Карагоз заглотнул воздух, тряхнул головой и распрямил свои плечи. Горящими глазами обвел кафе, всех его редких посетителей, закрыл глаза, словно взял себя в руки, наступил на горло собственной песне, встал, подошел к стойке и заказал ещё бутылку водки. Сколько бы он не пил сегодня, а словно и не был пьян. Наполнил свою и её рюмку, на этот раз она, за все это время выпившая лишь стакан сухого вина, не отказалась.
- Хорошо, - как мог спокойнее сказал он, - Скажи, что мне надо делать, чтобы спасти твоего мужчину?
Она обреченно пожала плечами и, не чокаясь с ним, выпила свои пятьдесят грамм.
- Ты видишь, как я к тебе отношусь, если ты любишь его...
- Да причем здесь любовь! - прервала она его, - Он гений! Его нельзя так просто любить, вот как все люди любят друг друга, привязываясь, плотски и губят гениев друг в друге... Он писал великолепные картины, а теперь пишет музыку. Не повеситься ему на шею, а дать свободу, дать возможность дописать. Вот что я хочу!
- А... знаю я этих женщин, пристраиваются к какому-нибудь дураку и талдычат - он гений, гений, а он хам просто! И ноги об них вытирает, а они все: вы ничего не понимаете, гений, гений... Но ведь гений и хамство несовместны!
- Гений и злодейство.
- Нет! Не прав ваш Пушкин! Или язык с тех пор изменился... Хам, он что мужик - ползал, ползал и вдруг поднялся. Облизали его мамки-няньки. Голову поднял. А вот гений - он не ползал никогда.

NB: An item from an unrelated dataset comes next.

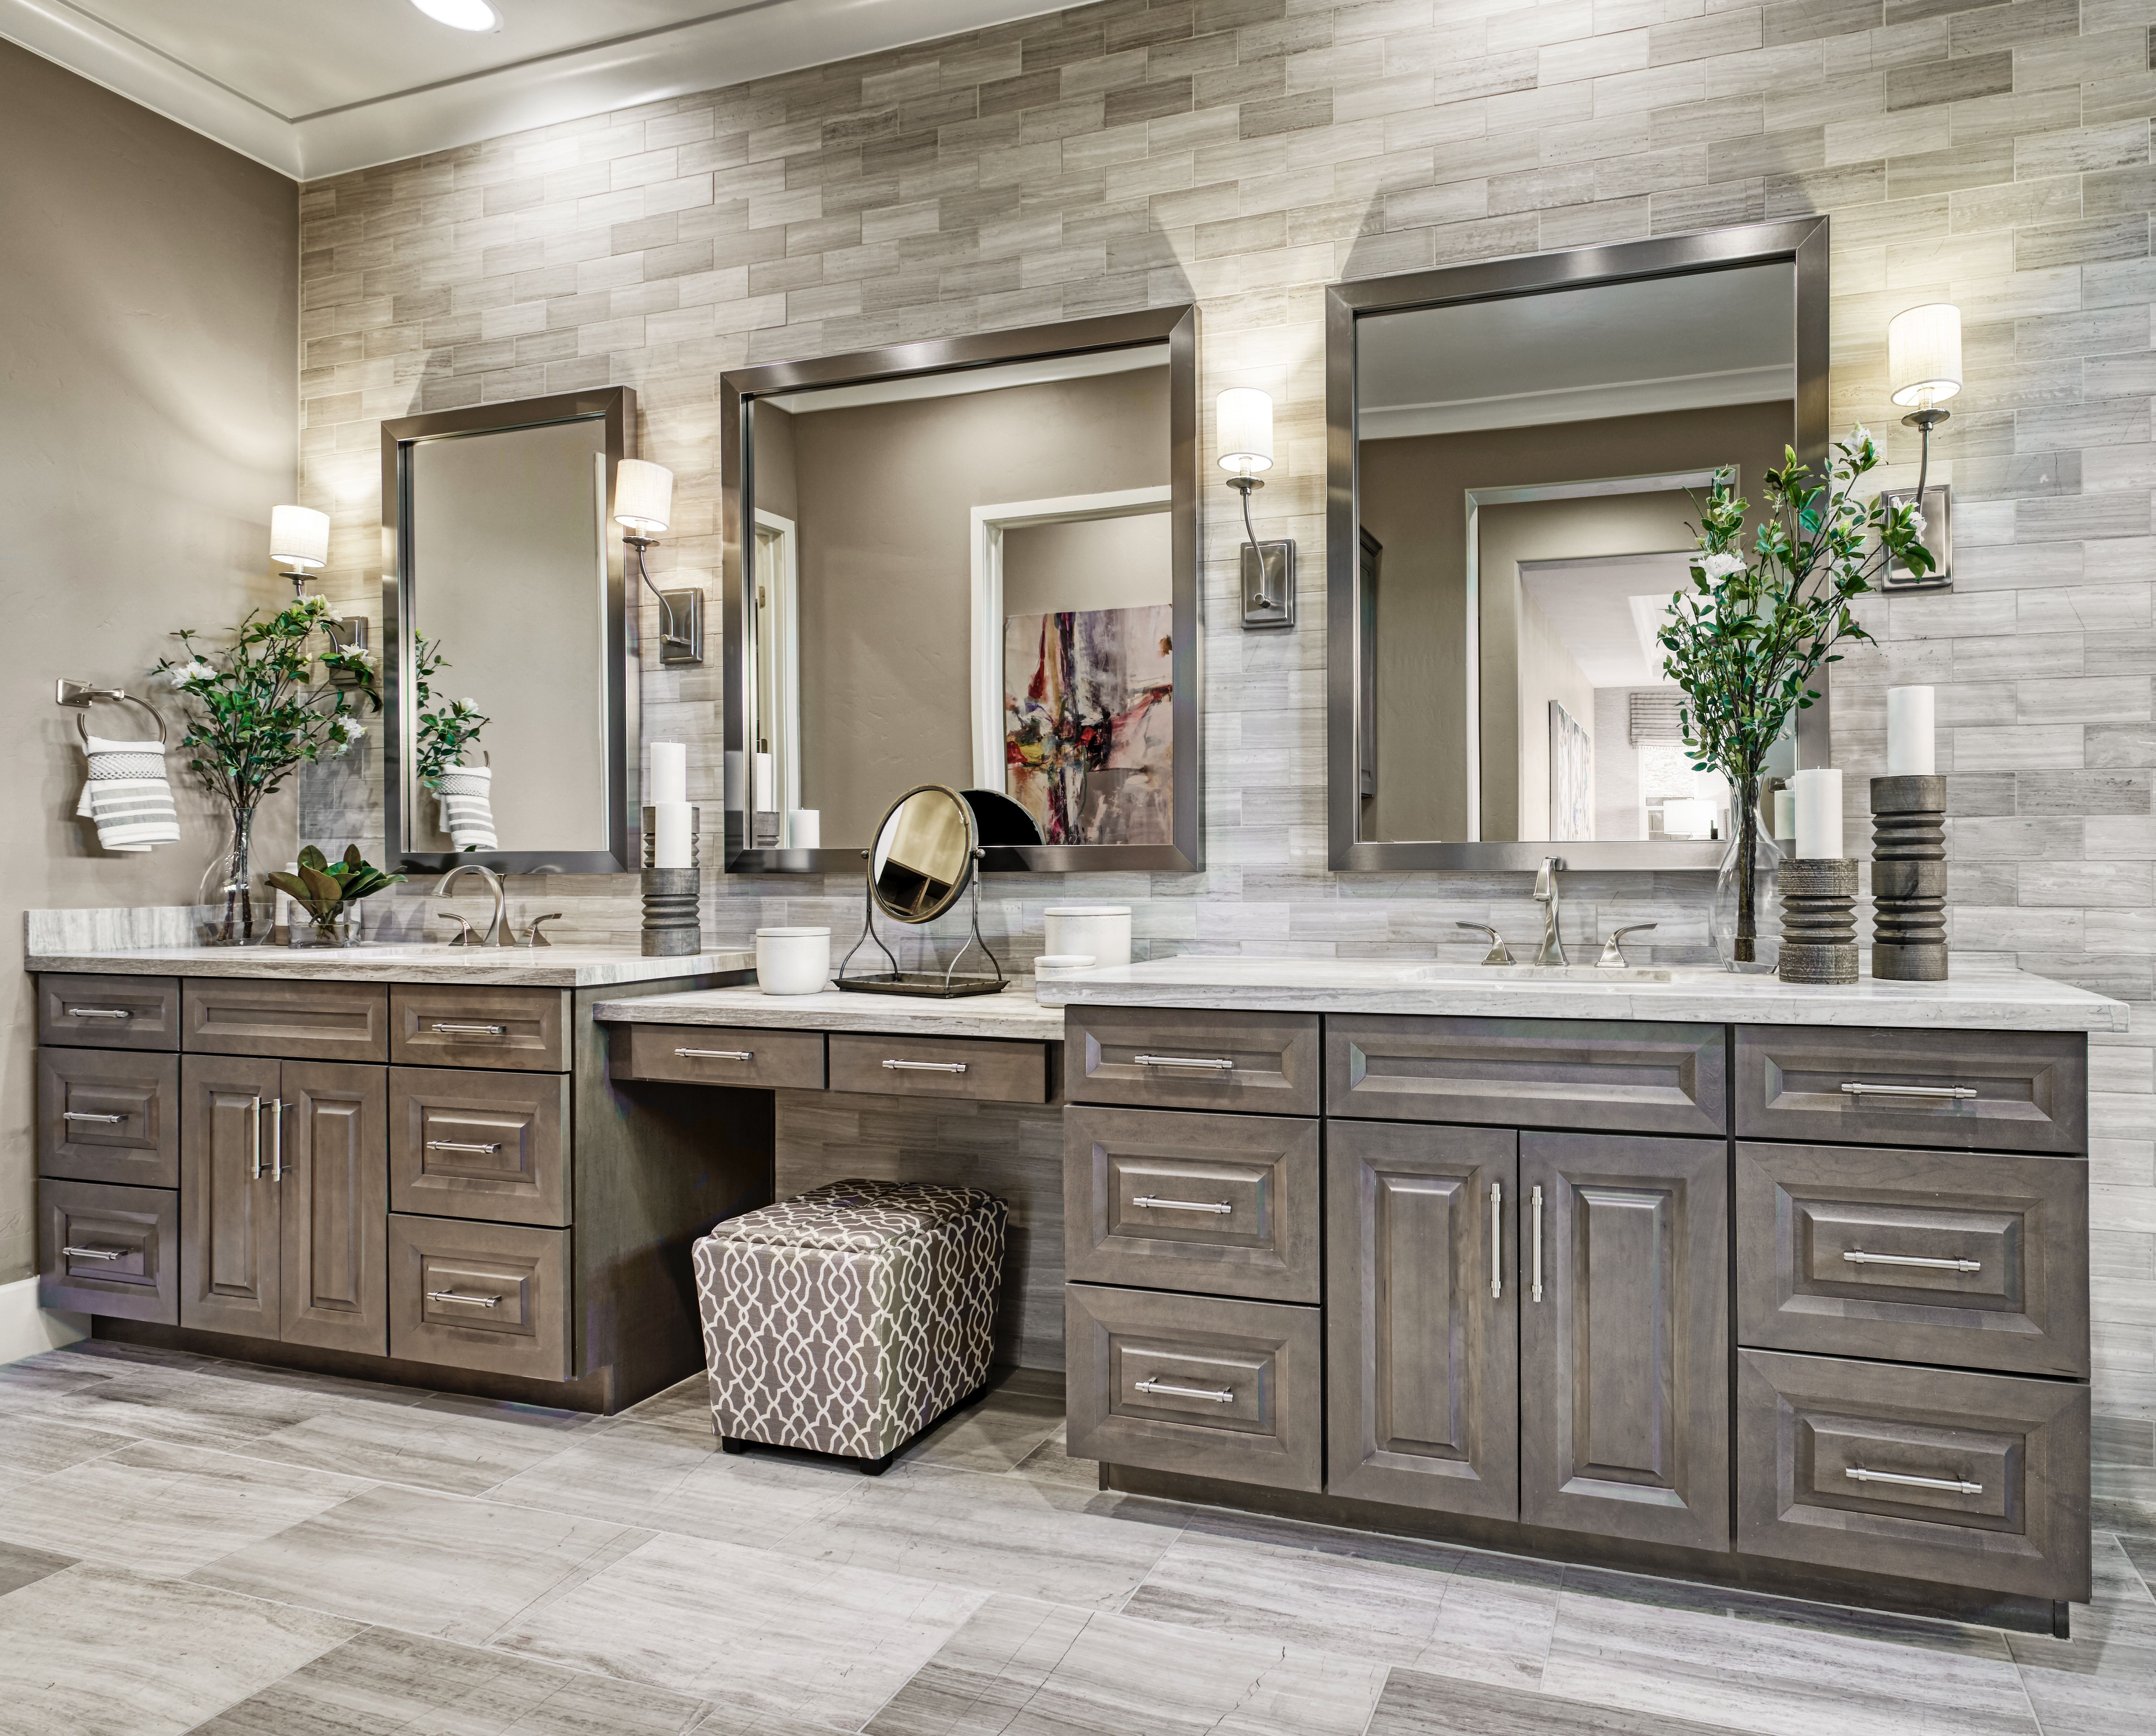 Master Bathroom Interior Design With Traditional Elegance Of Brushed Nickel Wall Scon Master Bedroom Interior Design Bathroom Interior Design Bathroom Interior

- То есть, ты хочешь сказать, - не унижался?
- Да кто вас разберет, - унижался - не унижался! Этим... как его холопом не был. Потому что холопами, как и гениями, рождаются. И это... как его... не взаимо-заме-няю-щиеся сосуды. - С трудом произнес свою мысль по слогам, - И каждый на своем месте. А едва не на свое место холоп попадает, бабами, да газетной славой вылизанный недоумков всяких, - тьфу ты! - вот что получается. И что они с ними носятся?! Все надеются, небось, что когда-нибудь он разбогатеет, и они погреются от его славы, думаешь, совсем я темный, думаешь, не знаю я. А он сотворит какую-нибудь фитюльку, пшик, и все вокруг него прыгать должны, ты из таких, что ли?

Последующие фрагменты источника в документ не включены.